You are asked to copy the entire listing exactly, apart from its pictures.

## SOURCE DATA
___

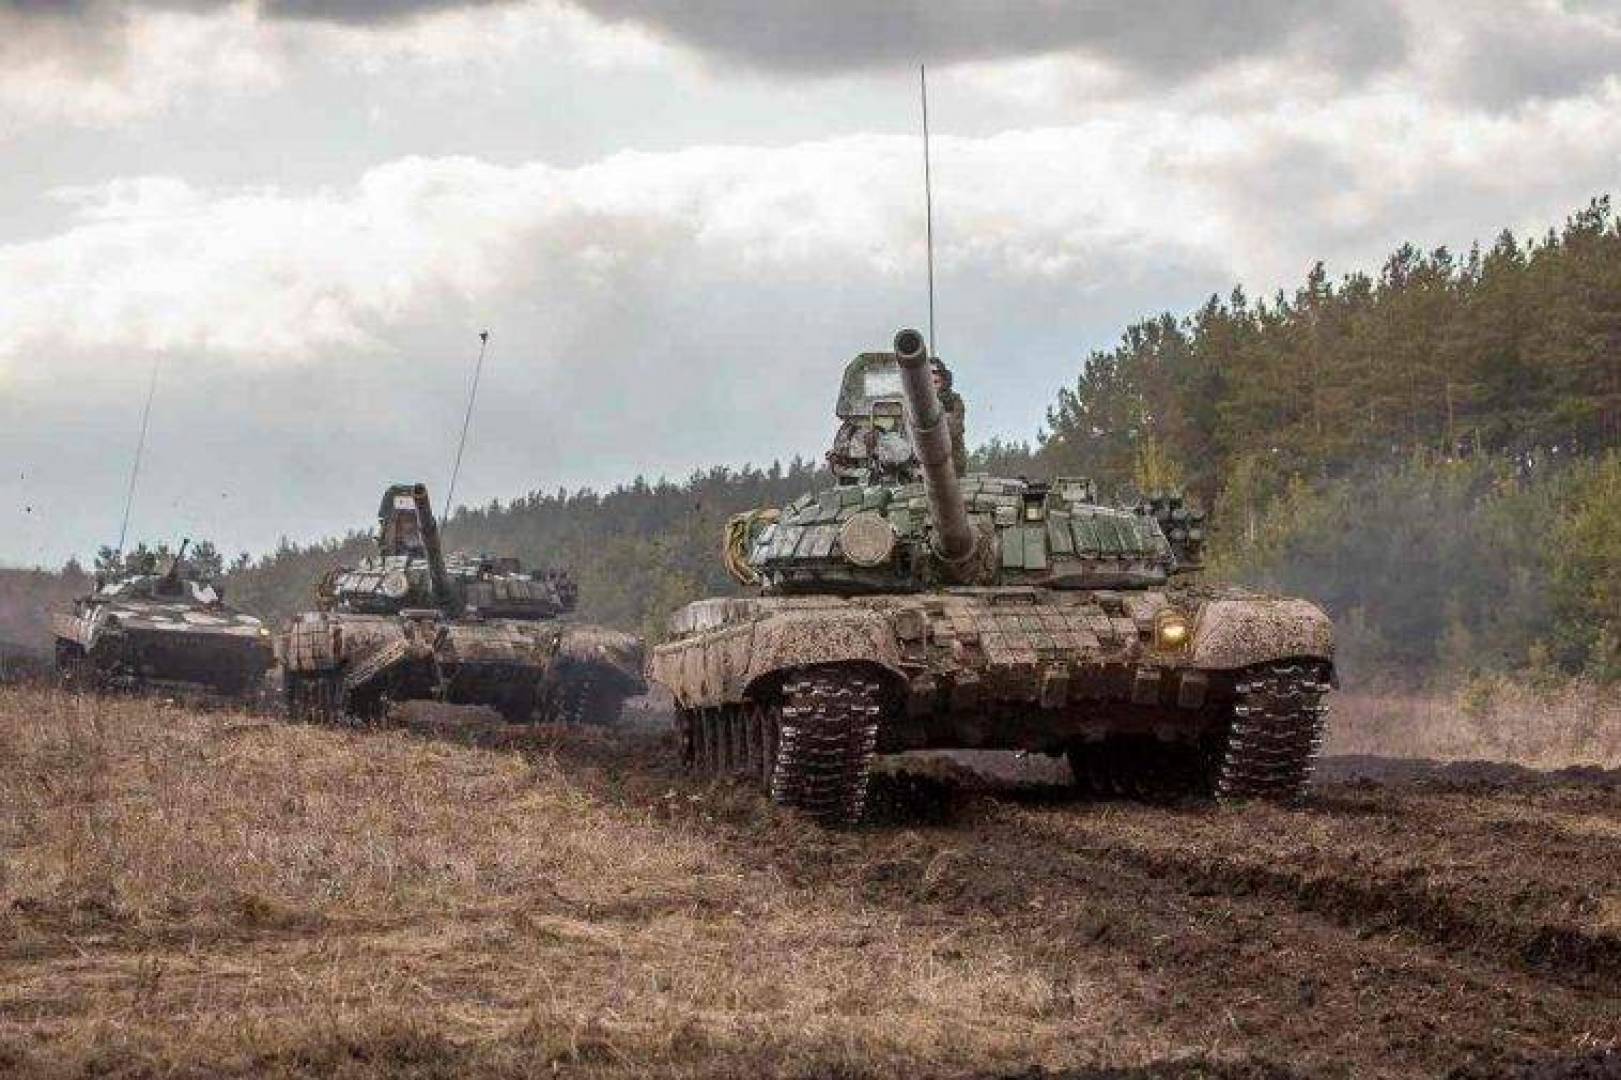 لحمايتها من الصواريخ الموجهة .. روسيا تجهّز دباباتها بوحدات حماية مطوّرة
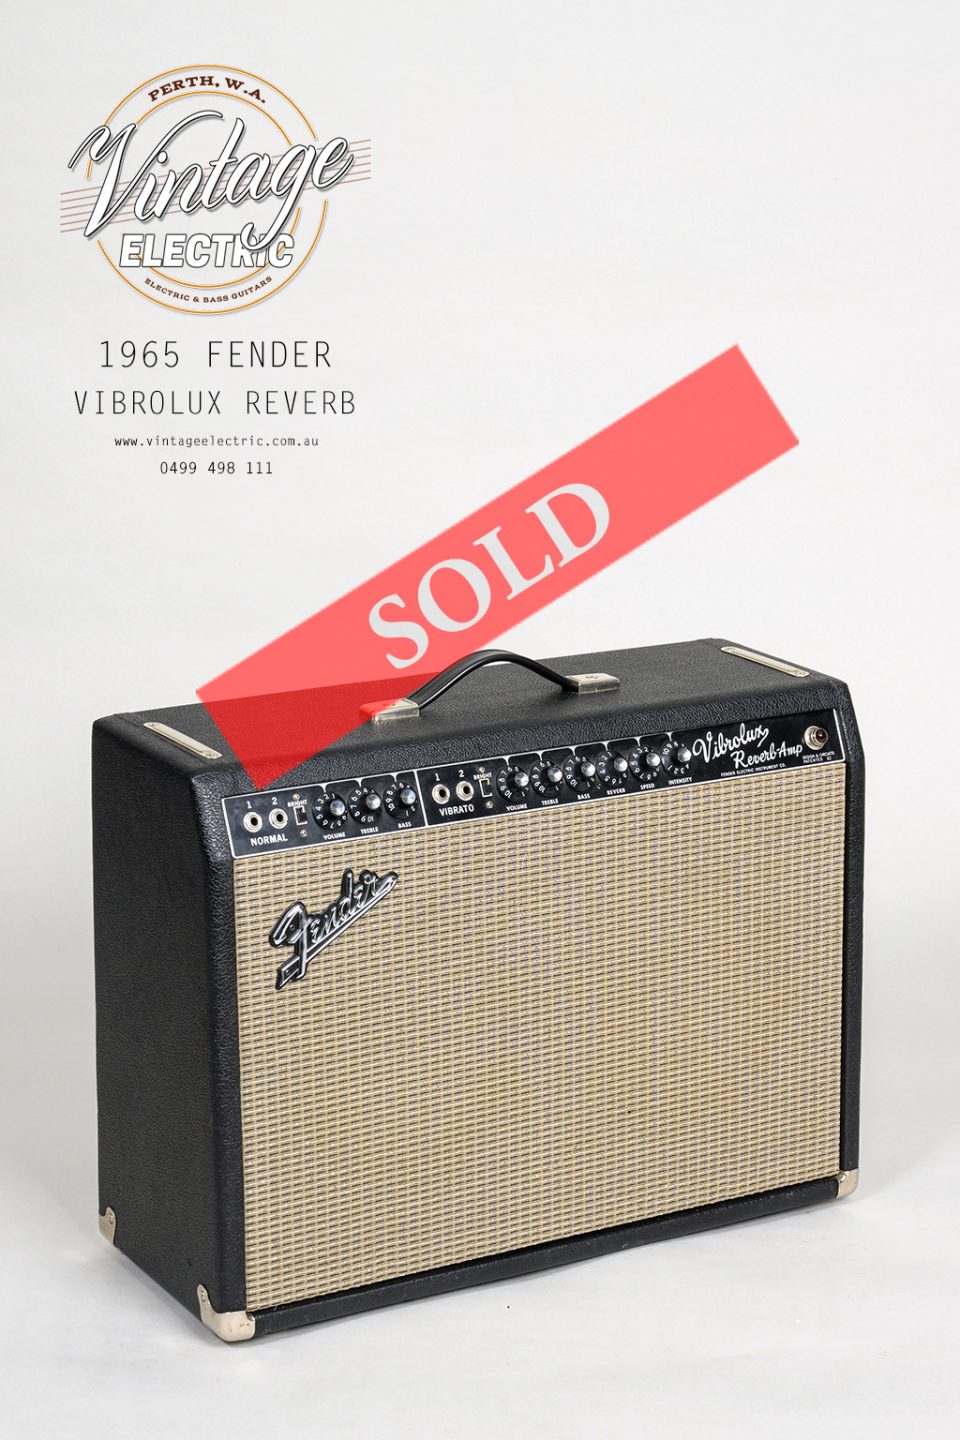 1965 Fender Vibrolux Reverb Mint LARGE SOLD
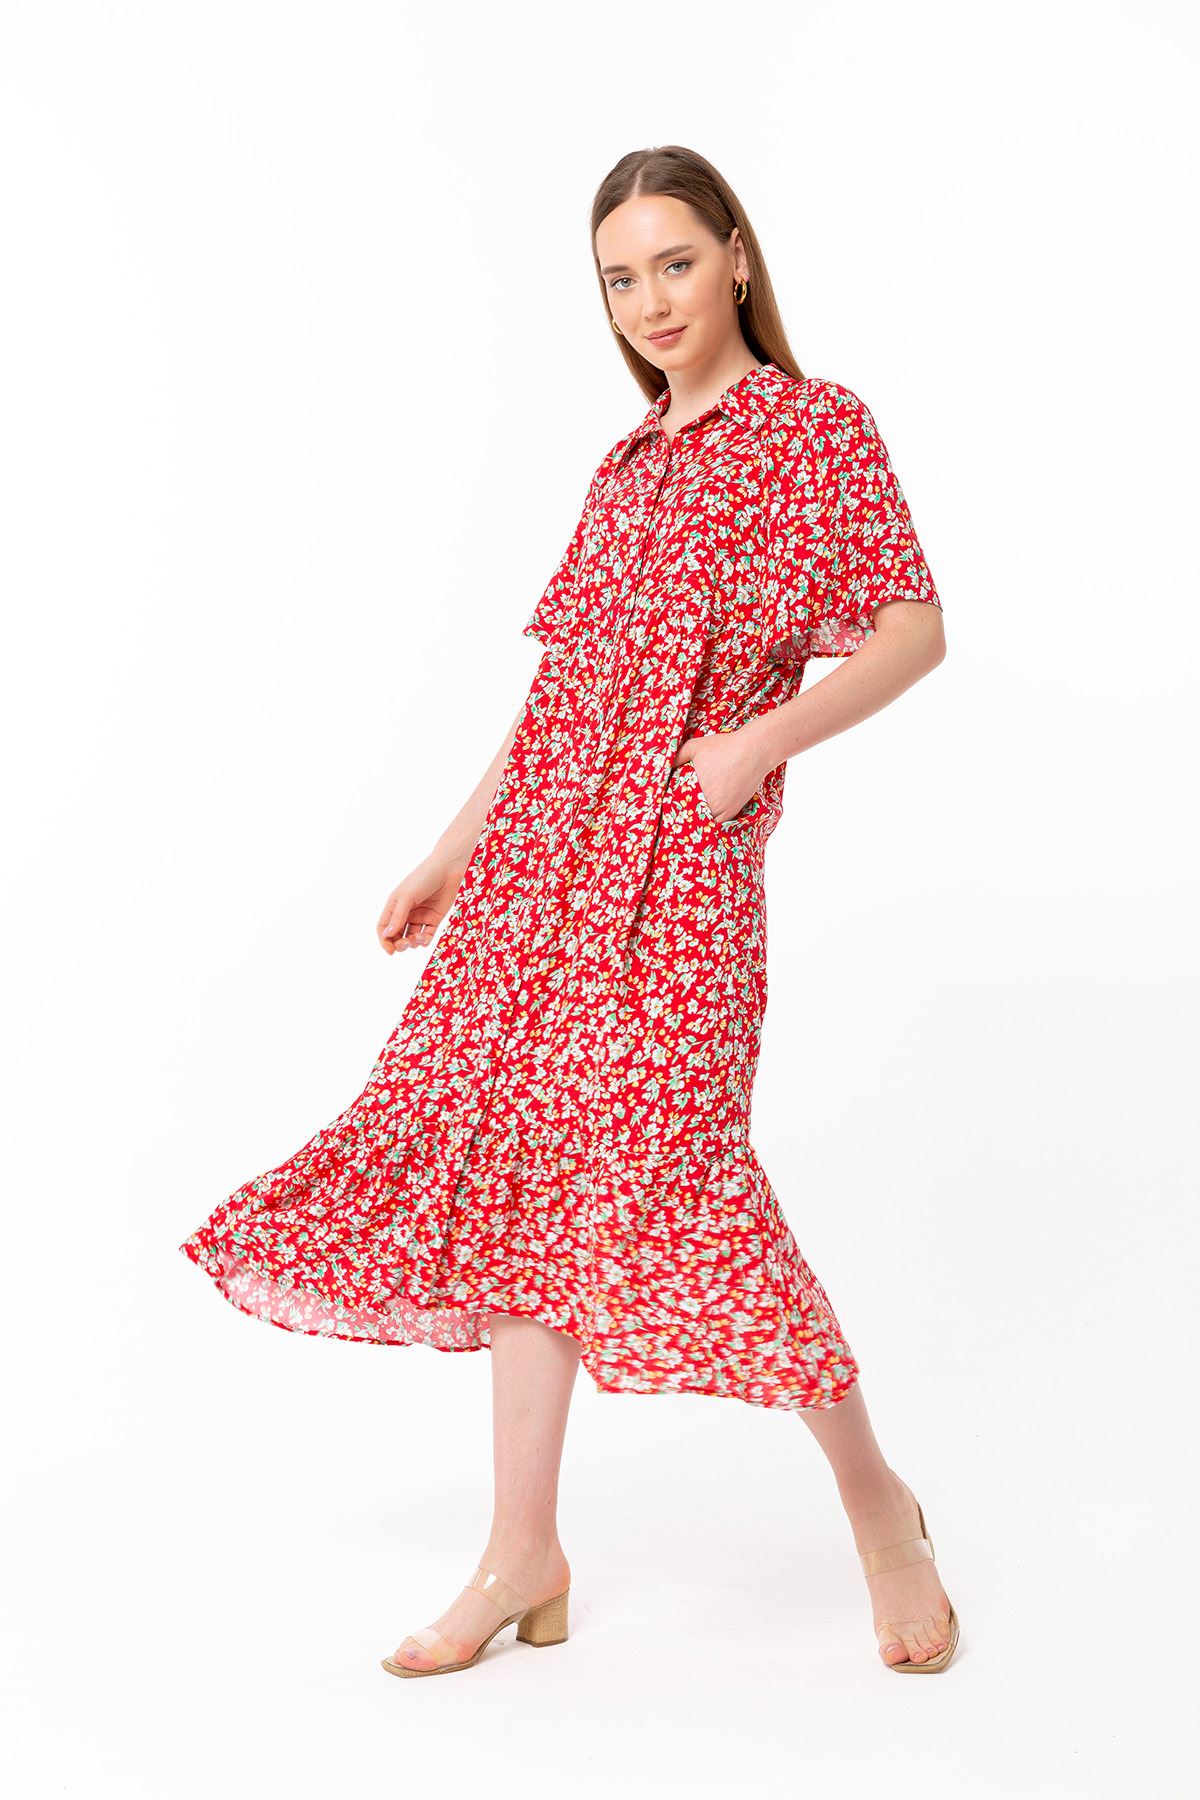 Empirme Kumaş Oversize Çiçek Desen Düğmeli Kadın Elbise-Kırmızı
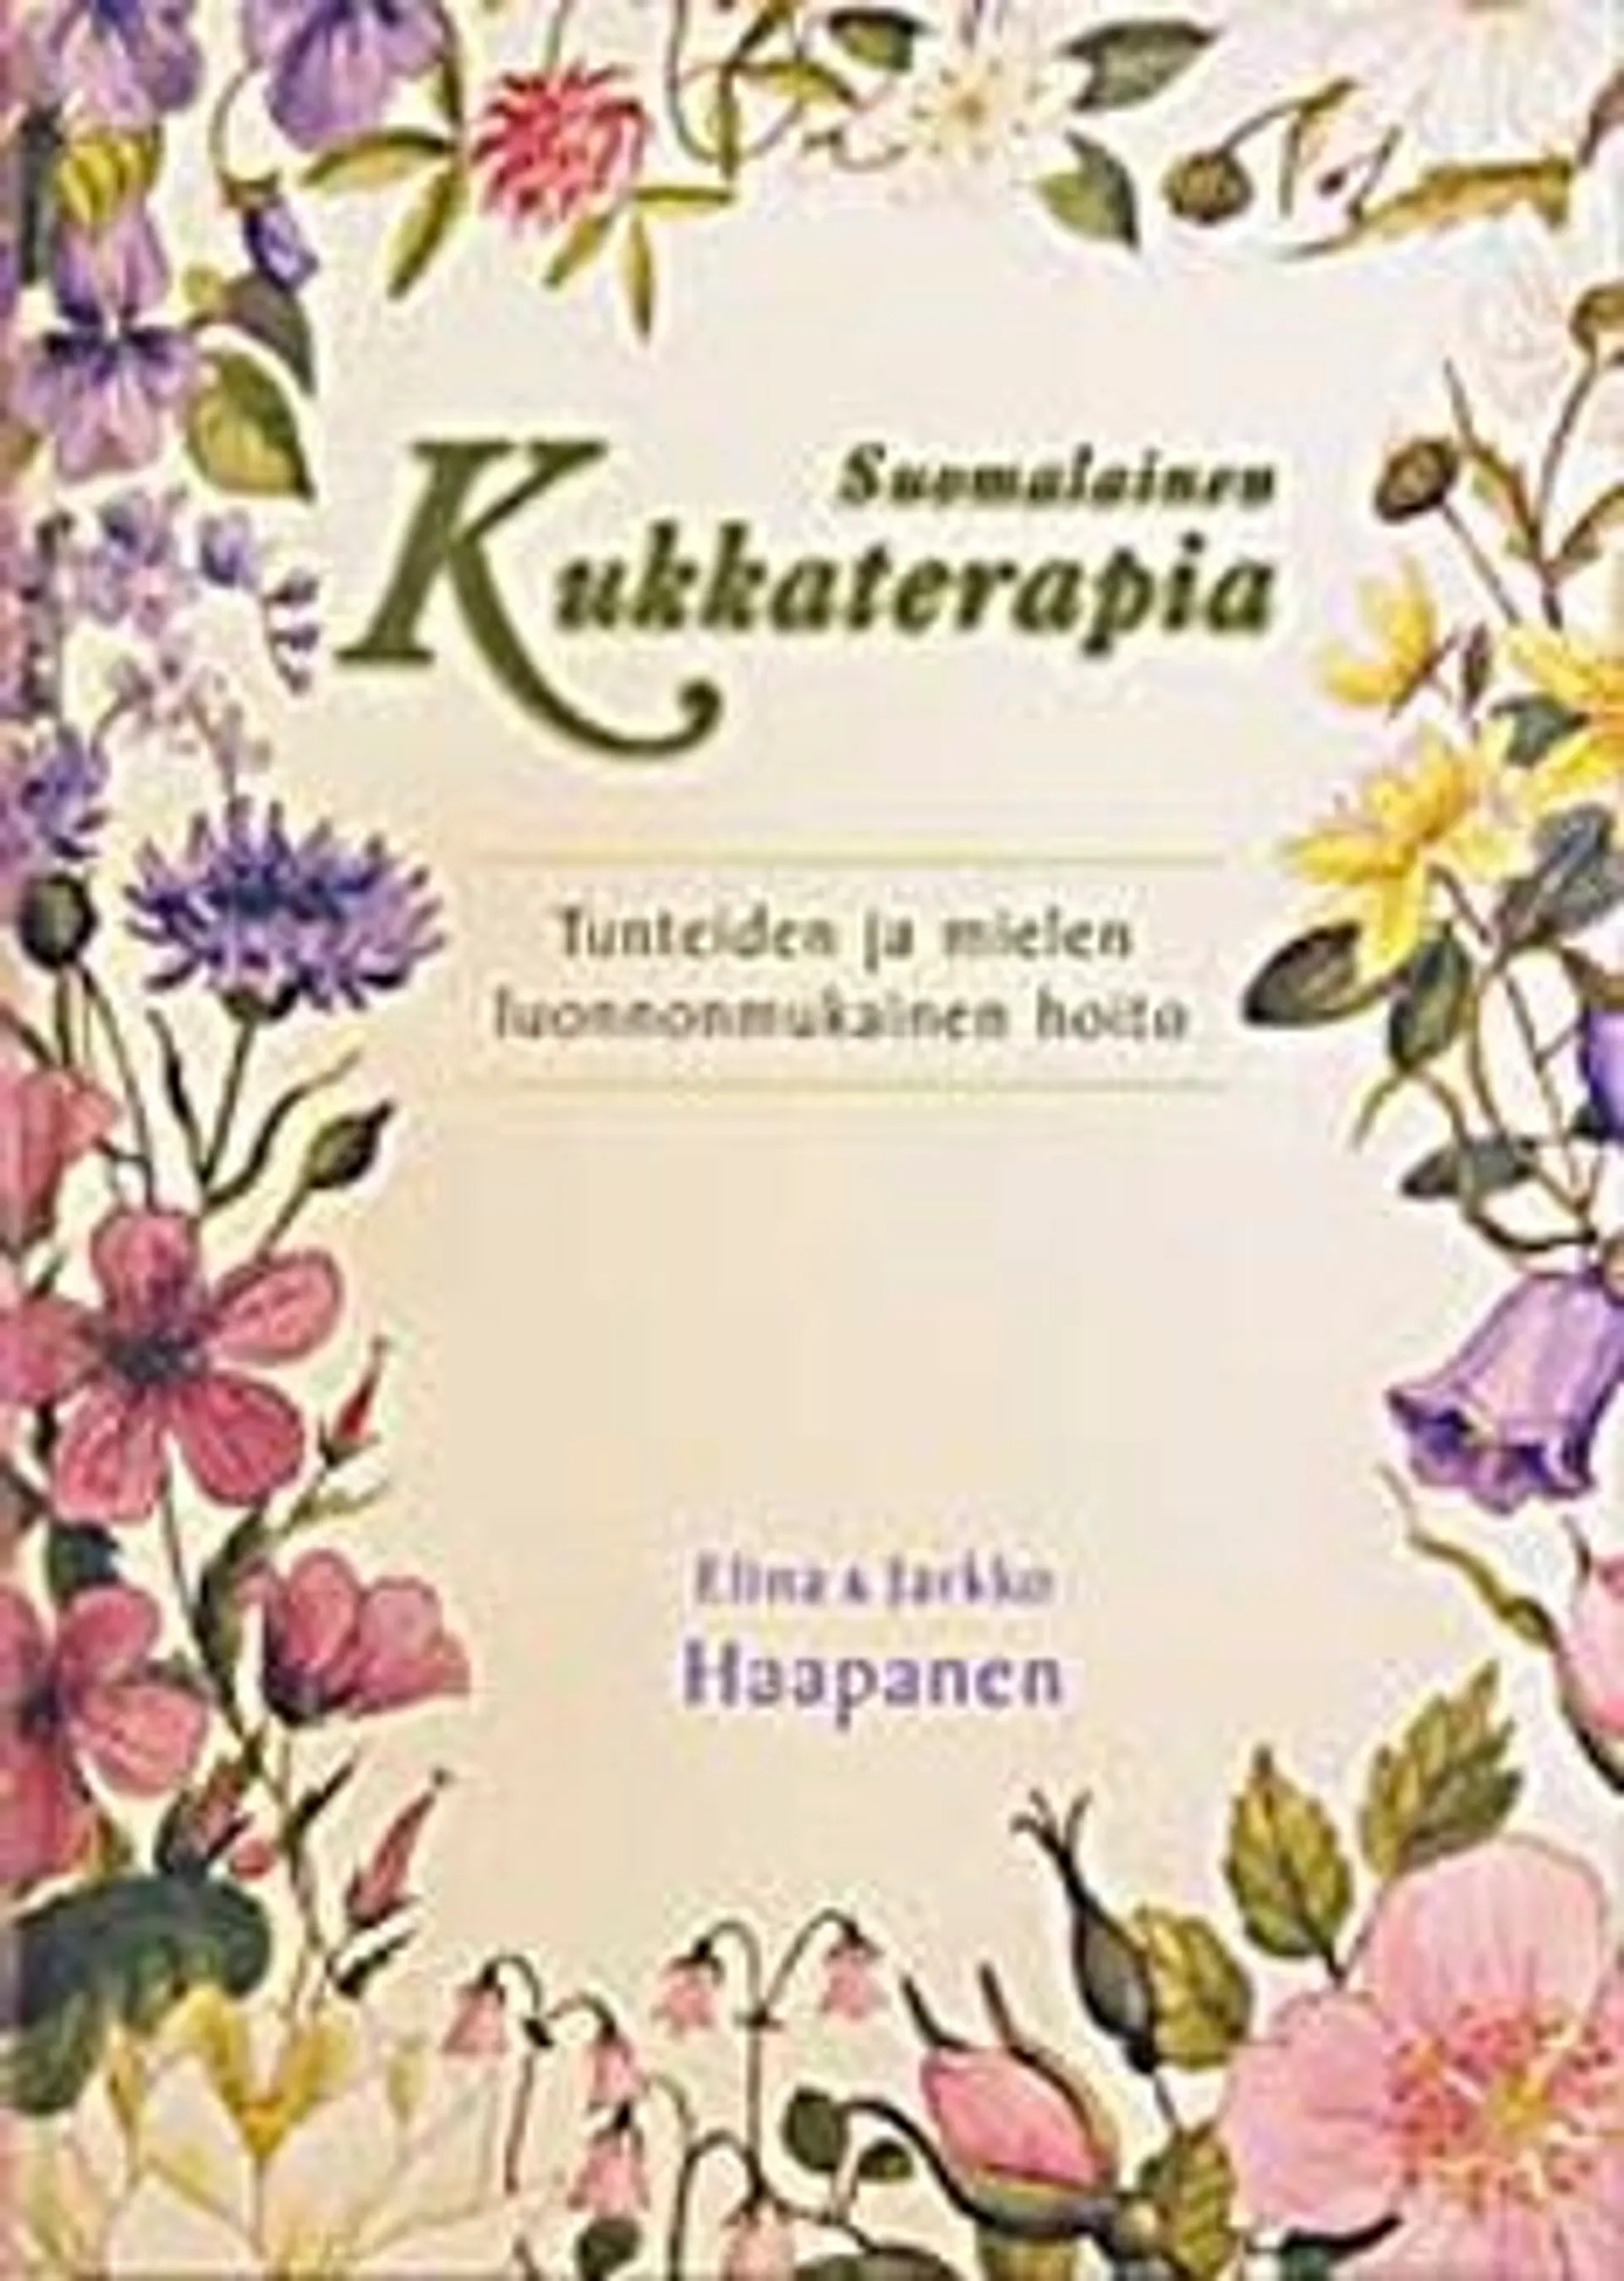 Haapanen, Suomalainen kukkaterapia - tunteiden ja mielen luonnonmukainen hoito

___

## RESULT OF THIS EXERCISE
 لحمايتها من الصواريخ الموجهة .. روسيا تجهّز دباباتها بوحدات حماية مطوّرة
 1965 Fender Vibrolux Reverb Mint LARGE SOLD
 Empirme Kumaş Oversize Çiçek Desen Düğmeli Kadın Elbise-Kırmızı
 Haapanen, Suomalainen kukkaterapia - tunteiden ja mielen luonnonmukainen hoito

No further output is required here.